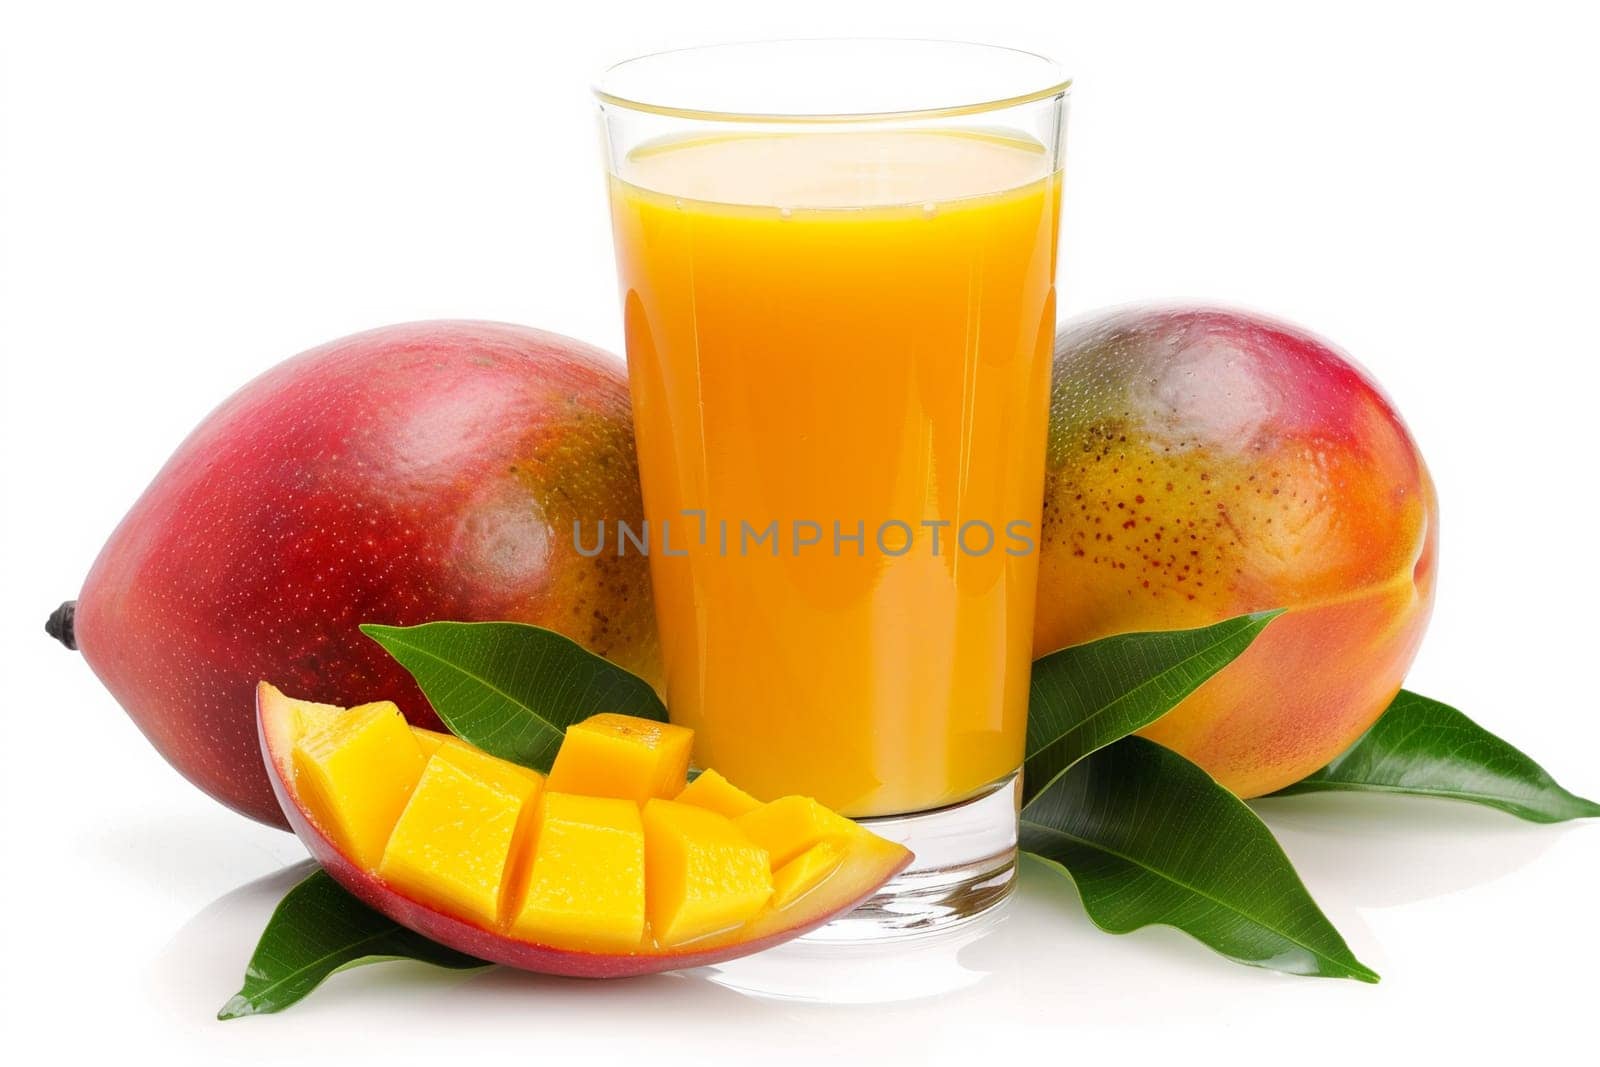 Ripe whole mangoes with diced fruit pieces and fresh juice in a transparent glass, garnished with green leaves on a white background.
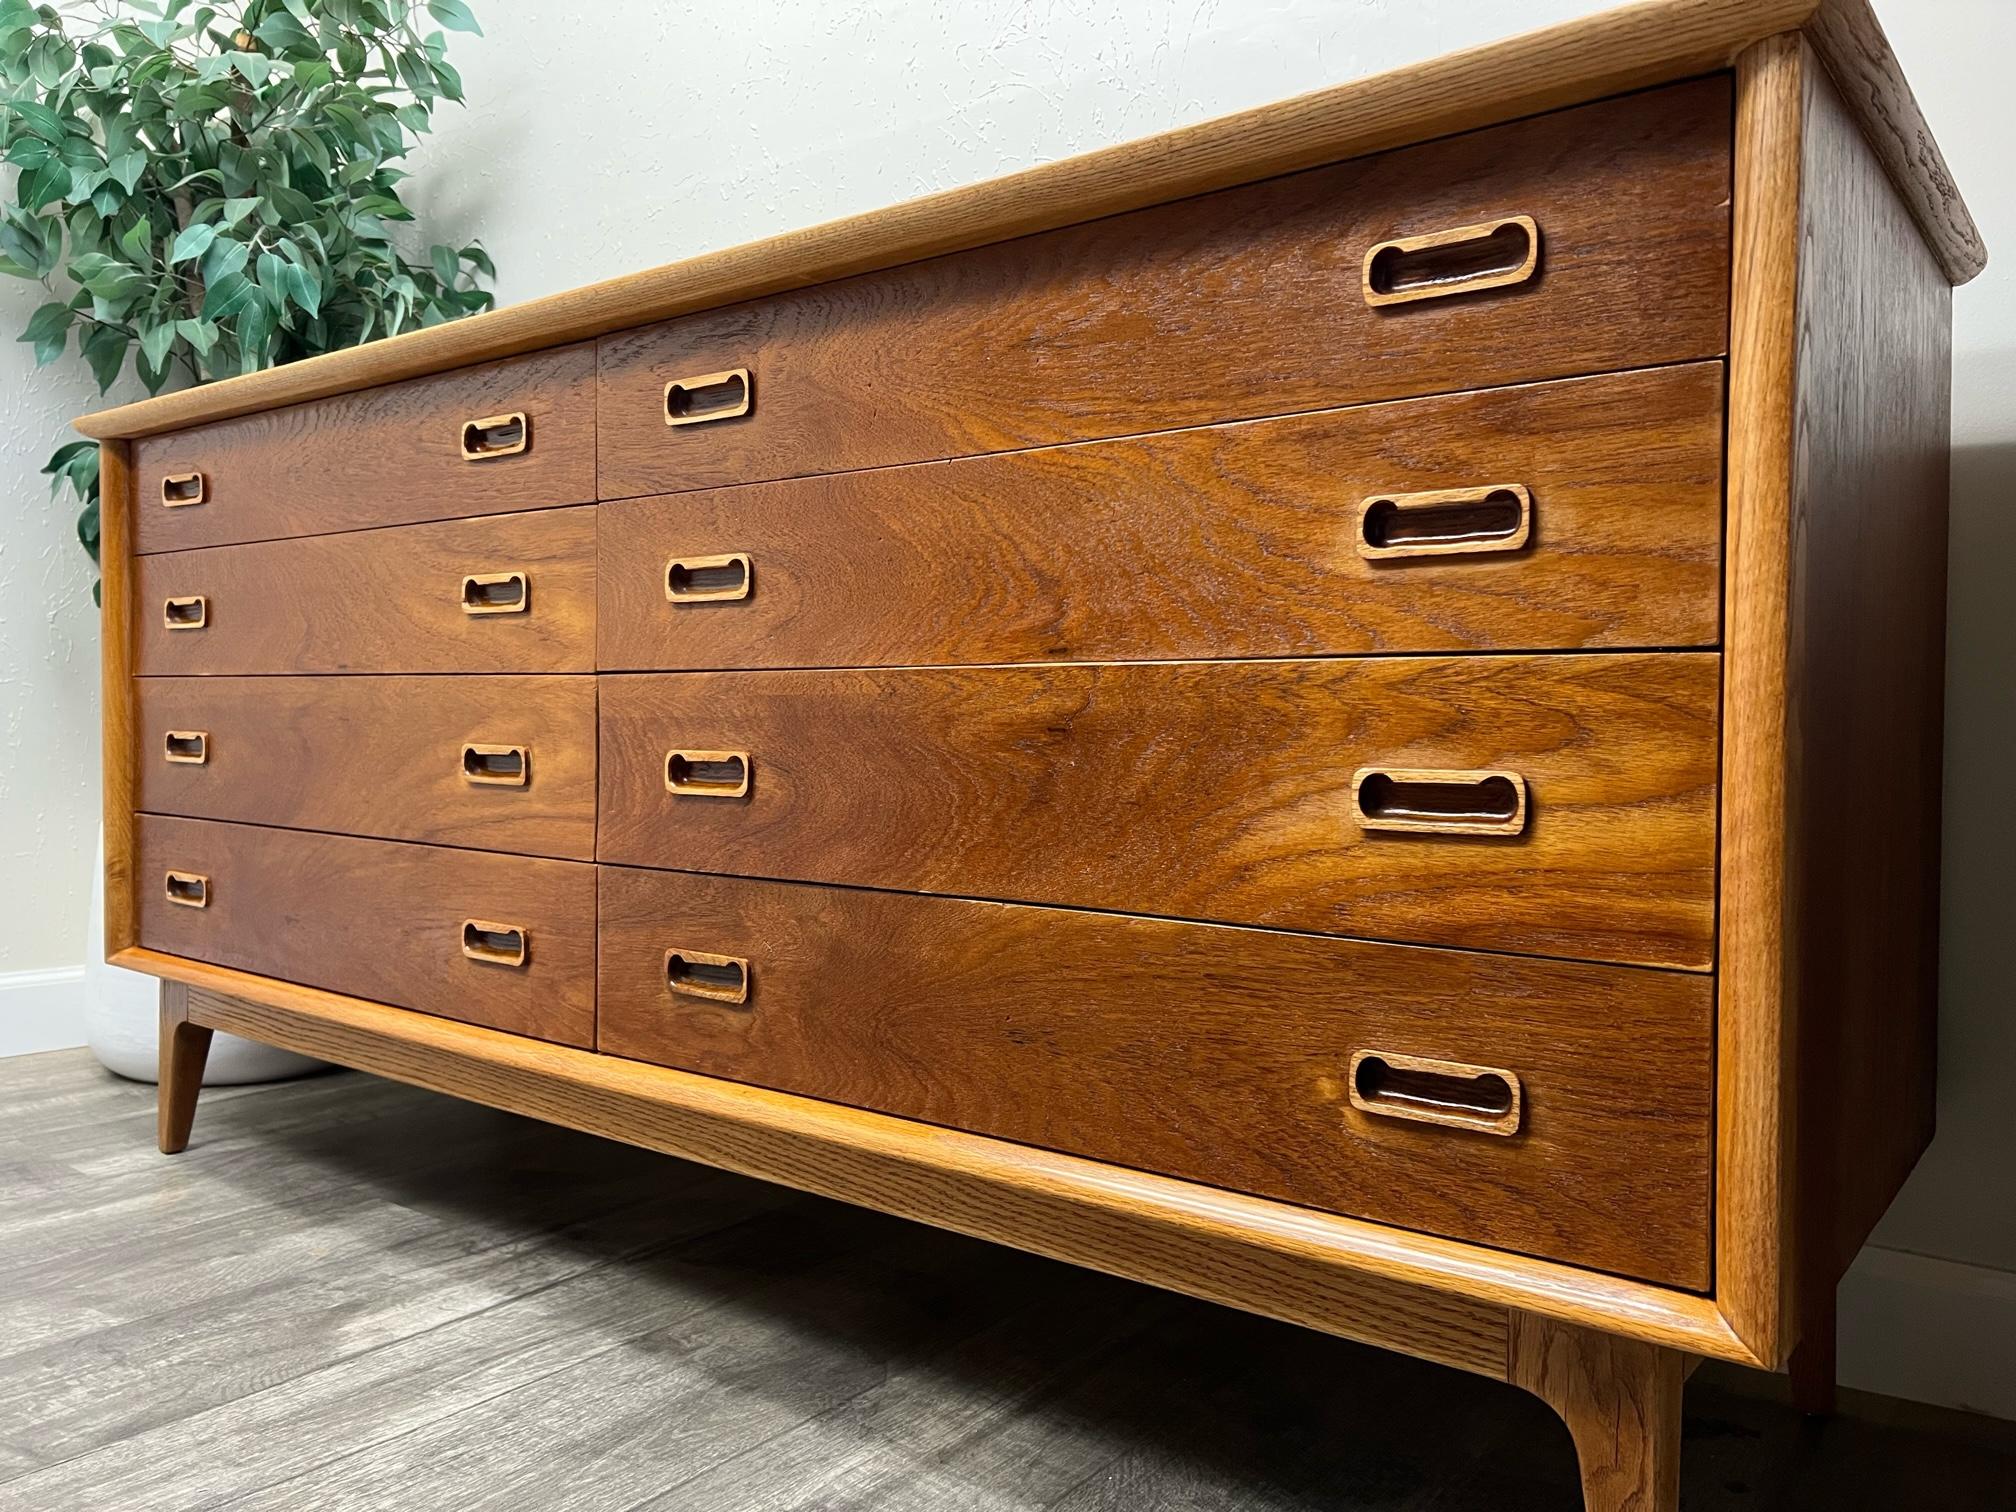 Double dresser in style of Arne Vodder for Sibast Mobelfabrik. In great condition with age-related signs of wear. Great combination of teak and oak wood. All 8 drawers glides easily, great quality dresser. 
 
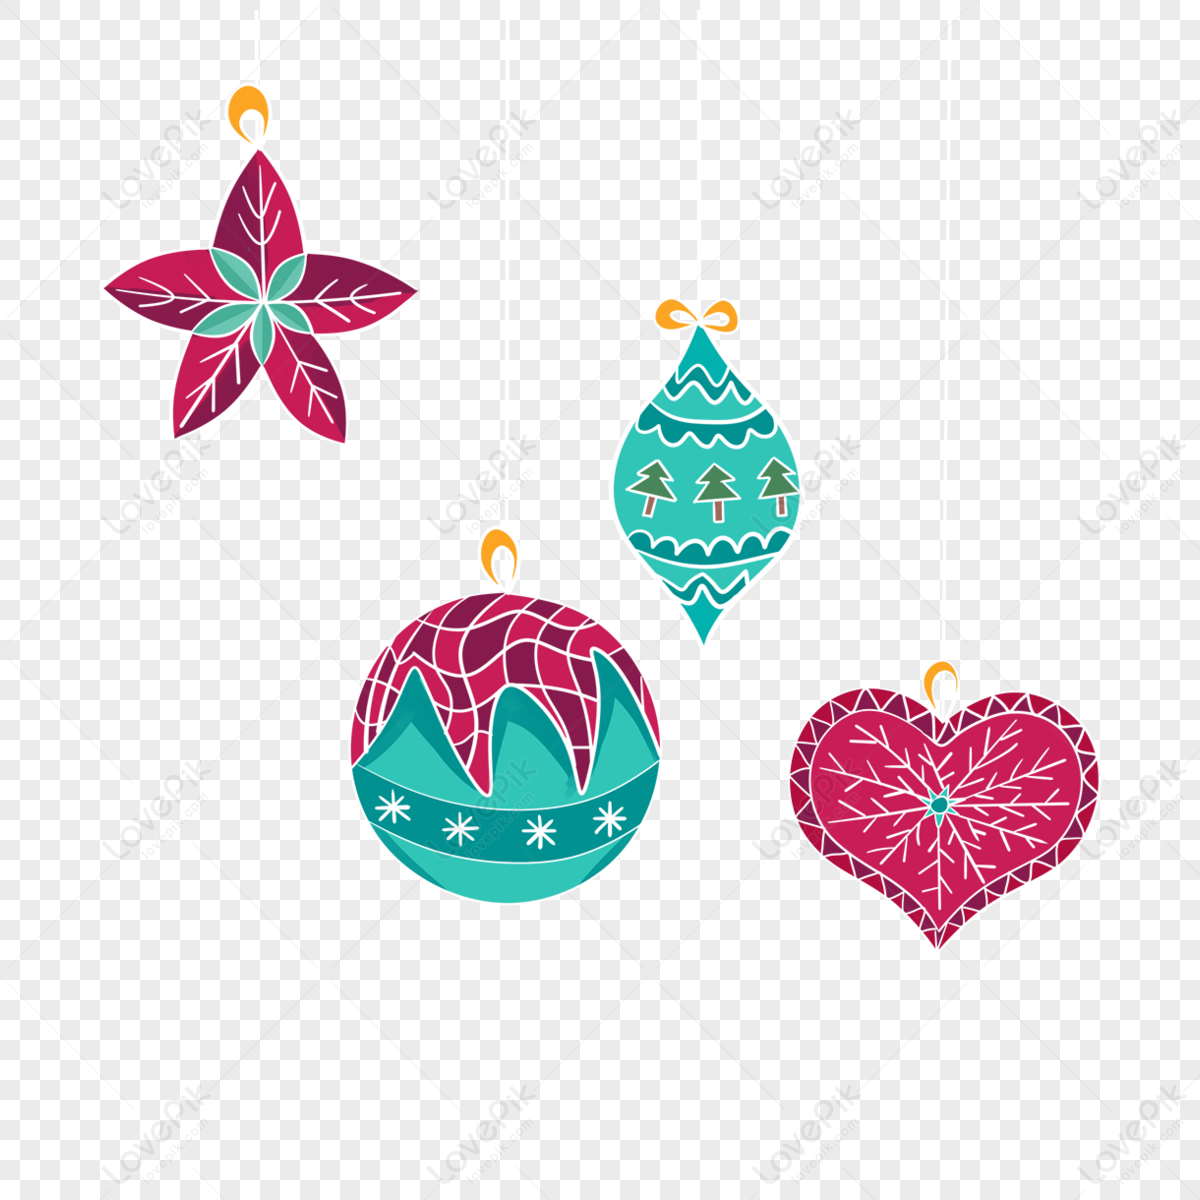 Flat Ornament PNG Images With Transparent Background

— What this task involves —
In your reply, please print exactly the lines from the one with "Double dresser in" through the final line of the listing above, both included, and no pictures.

— Solution to this task —
 Double dresser in style of Arne Vodder for Sibast Mobelfabrik. In great condition with age-related signs of wear. Great combination of teak and oak wood. All 8 drawers glides easily, great quality dresser. 
 
 Flat Ornament PNG Images With Transparent Background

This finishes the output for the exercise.